Install the dovecot-solr package so that dovecot and solr will be able to interact:
sudo apt-get install dovecot-solr
Pull the version of solr that we need:
sudo docker pull solr:7
Create the directory that we’ll use for our solr config and that will be mounted into the Docker container:
sudo mkdir -p /srv/solr
The directory needs to be owned and written to by the docker container so we need to change ownership:
sudo chown 8983:8983 /srv/solr
The next command will open a new shell session inside the solr docker container:
sudo docker run --rm -it -v /srv/solr:/var/solr -e SOLR_HOME=/var/solr -e INIT_SOLR_HOME=yes solr:7 bash
Now you will be inside the container. You need to run these commands:
init-solr-home
precreate-core dovecot
exit
After exiting you will be back in your host’s shell session.
Now we’ll prepare the solr config:
cd /srv/solr/dovecot/conf
First we need to remove the existing files:
sudo rm -f schema.xml managed-schema solrconfig.xml
And then download the dovecot ones.
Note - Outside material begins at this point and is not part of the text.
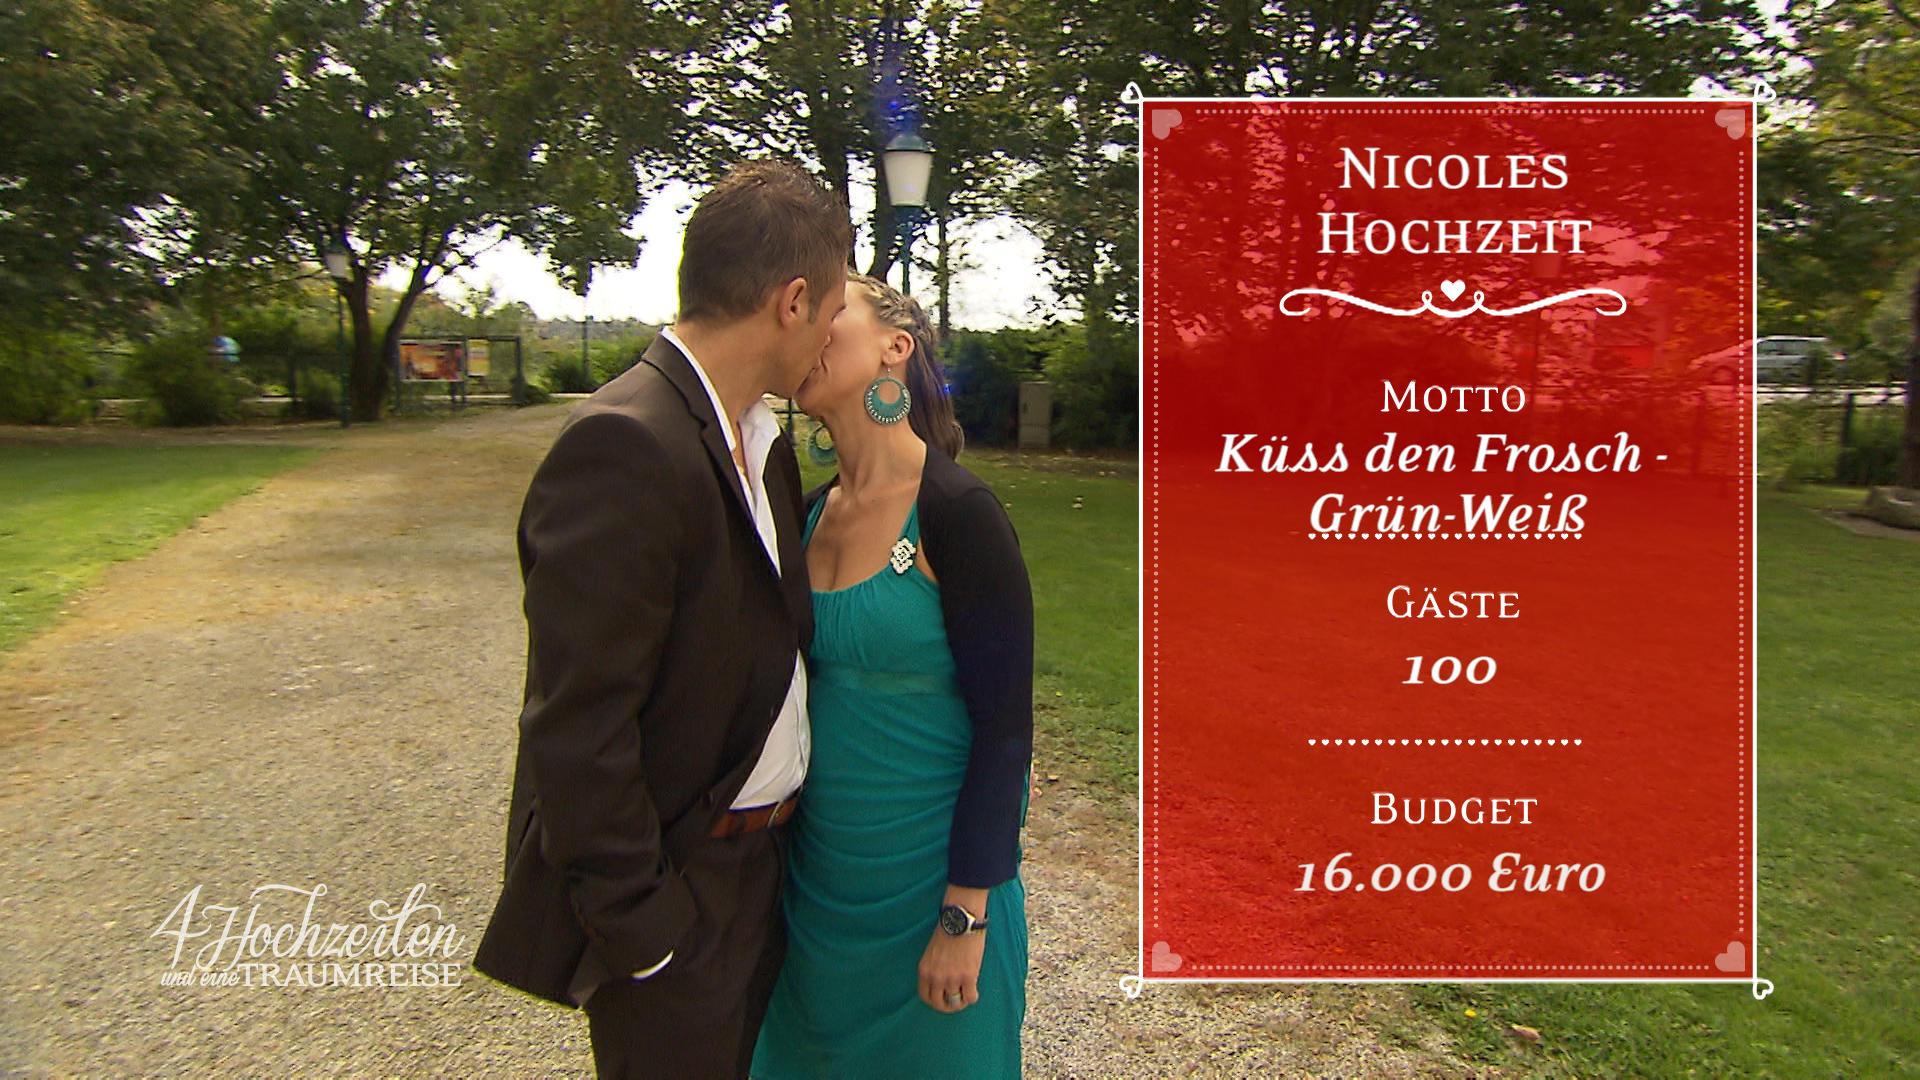 4 Hochzeiten Und Eine Traumreise Das Sind Die Mottos Der

First the solrconfig.xml
file:
sudo curl https://raw.githubusercontent.com/dovecot/core/master/doc/solr-config-7.7.0.xml -o solrconfig.xml
Next the schema.xml
file:
sudo curl https://raw.githubusercontent.com/dovecot/core/master/doc/solr-schema-7.7.0.xml -o schema.xml
Finally we need to change ownership of the files we just downloaded so that the docker container can read them:
sudo chown 8983:8983 /srv/solr/dovecot/conf/*.xml
We’re now at the point where we can start the docker container. The following command starts the container and tells Docker to keep it running, even after reboots. The memory limit is adjustable so feel free to tweak it as needed, here it is set to 2 gigabytes which should work well enough for a small server with not many users.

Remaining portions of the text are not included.